En estos quince años hemos atravesado por una grave crisis económica, se han promulgado y aplicado con desigual fortuna un número excesivo de leyes educativas y se ha desencadenado una pandemia que a su vez ha traído otra crisis económica además de mucho dolor. Se ha renovado casi un cuarenta por ciento del claustro, se ha estabilizado y mejorado la apuesta por el inglés, hemos obtenido grandes resultados académicos en PISA y en el acceso a la universidad, hemos profundizado en nuestra identidad como colegio jesuita y nuestro proyecto educativo se ha enriquecido con la integración del colegio del Niño Jesús, que nos abre iniciar un camino nuevo y muy ilusionante.
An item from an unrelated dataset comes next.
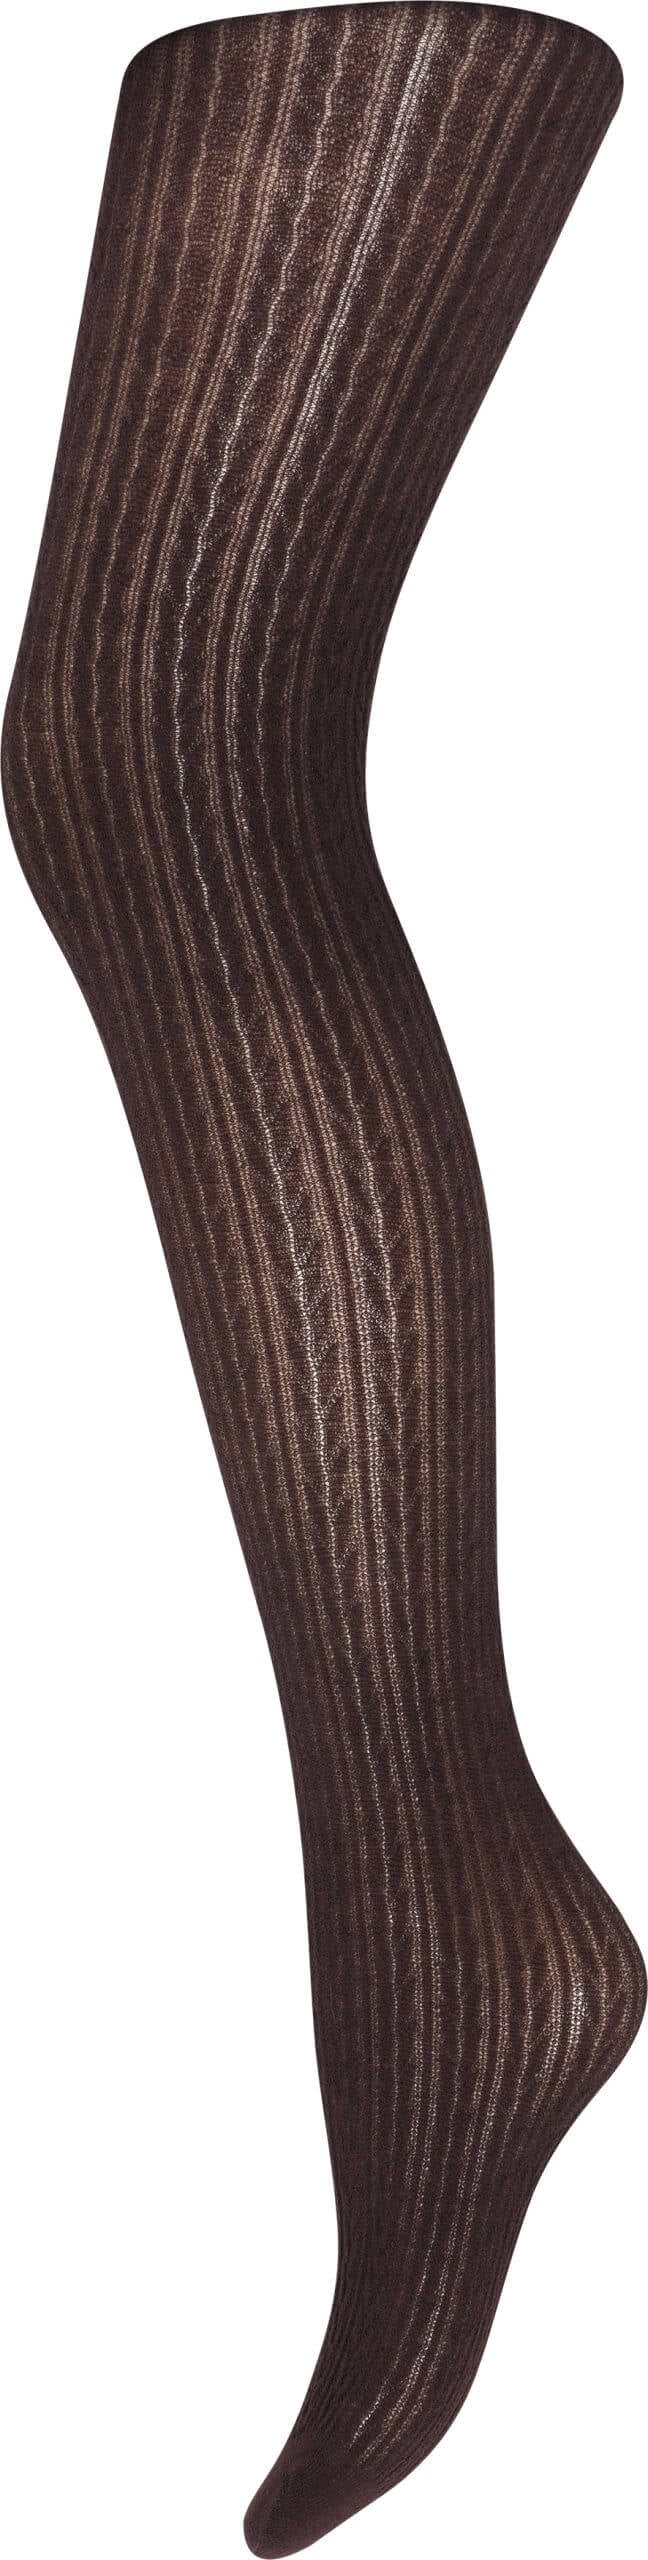 Decoy - Tights Bamboo 100 the Dark brown.

Es un momento de balance para mí, y por eso me tomo la libertad de dirigirme a la comunidad educativa del colegio posiblemente por última vez.
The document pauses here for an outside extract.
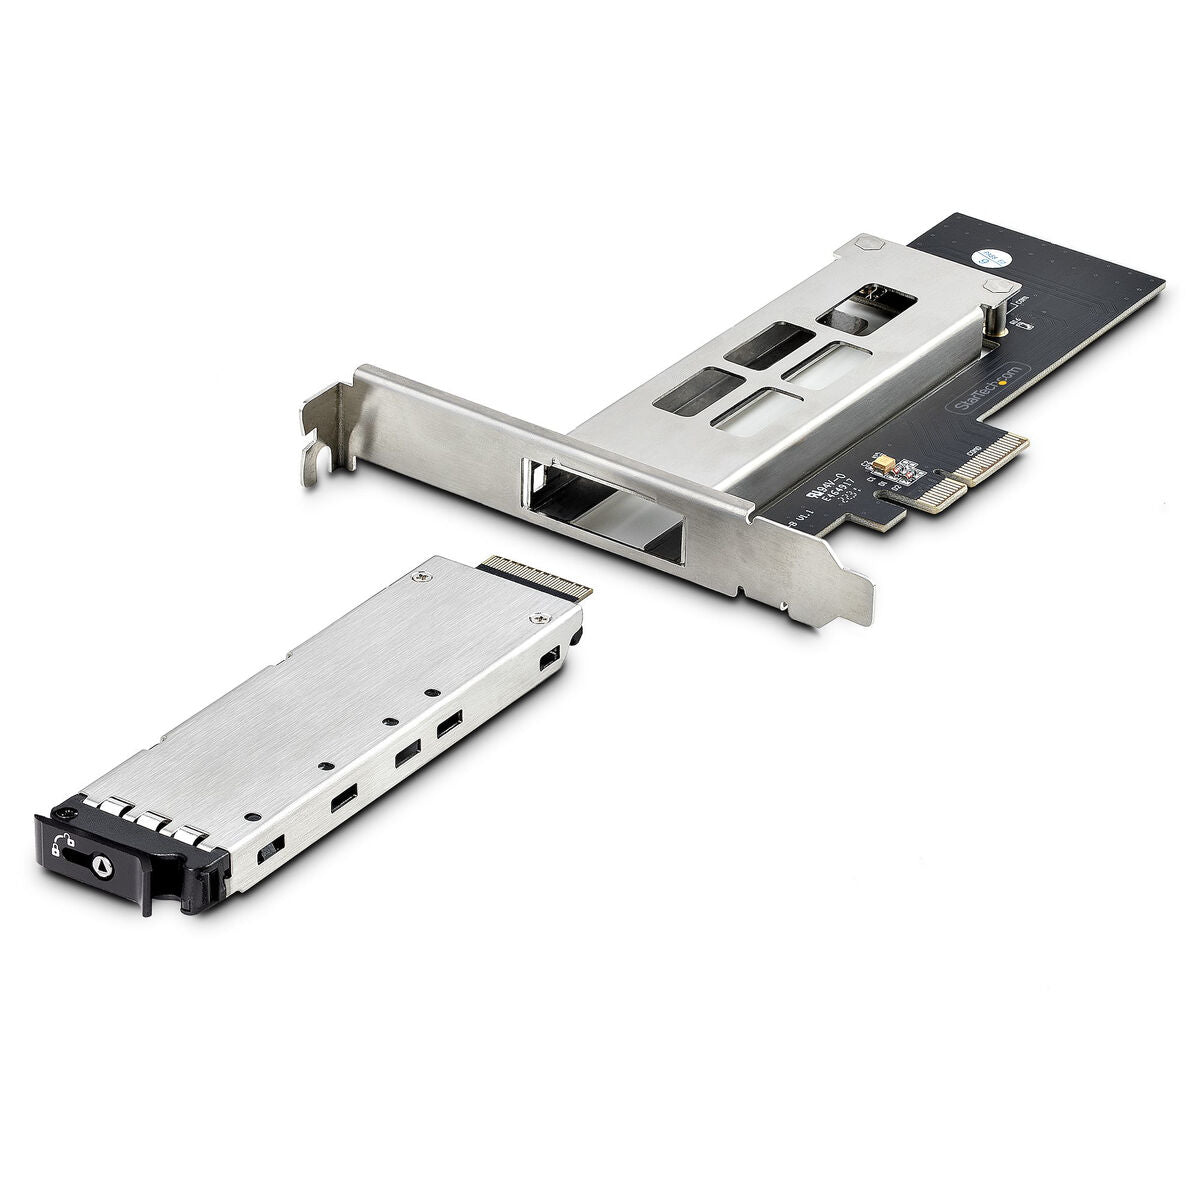 PCI Card SSD M.2 Startech M2-REMOVABLE-PCIE-N1, Startech, Computing, Data storage, pci-card-ssd-m-2-startech-m2-removable-pcie-n1, Brand_Startech, category-reference-2609, category-reference-2803, category-reference-2806, category-reference-2811, category-reference-t-19685, category-reference-t-19909, category-reference-t-21357, category-reference-t-25638, computers / components, Condition_NEW, Price_100 - 200, Teleworking, RiotNook

Aunque hay muchos elementos positivos, se diría que vamos configurando una sociedad cada vez más desigual y fracturada, más polarizada, que en la práctica parece emplear las emociones más primarias como única categoría de la construcción de la realidad, con lo que eso implica de dificultar casi cualquier diálogo hasta hacerlo virtualmente imposible.
Se diría que vivimos en una sociedad que aprecia mucho más los resultados que los procesos, que busca atajos, que omite el esfuerzo y no valora la rectitud, ni las trayectorias ni el compromiso a largo plazo frente al éxito inmediato a casi cualquier precio. Se diría que construimos una sociedad de personas incapaces de asumir la frustración, basada en una falsa idea de individualismo omnipotente que esta pandemia que vivimos se ha encargado de tirar por tierra de forma irreversible.
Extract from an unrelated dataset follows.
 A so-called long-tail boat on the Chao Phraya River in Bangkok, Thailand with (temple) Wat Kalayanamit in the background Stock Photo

Los filósofos modernos hablan de la sociedad de la auto-explotación que conduce a un árido vacío interior. El Papa Francisco habla de la necesidad urgente de trabajar por una sociedad basada en la reconciliación de las personas consigo mismas, con su prójimo y con la naturaleza. Todo parece ser enormemente complejo, tanto que podríamos caer en la tentación de pensar que nuestros hijos van a vivir una vida peor que la nuestra, pero yo me resisto a aceptarlo. Es posible, e incluso sensato que nuestros hijos tengan que vivir una vida más austera que la nuestra en lo material, pero eso no significa peor.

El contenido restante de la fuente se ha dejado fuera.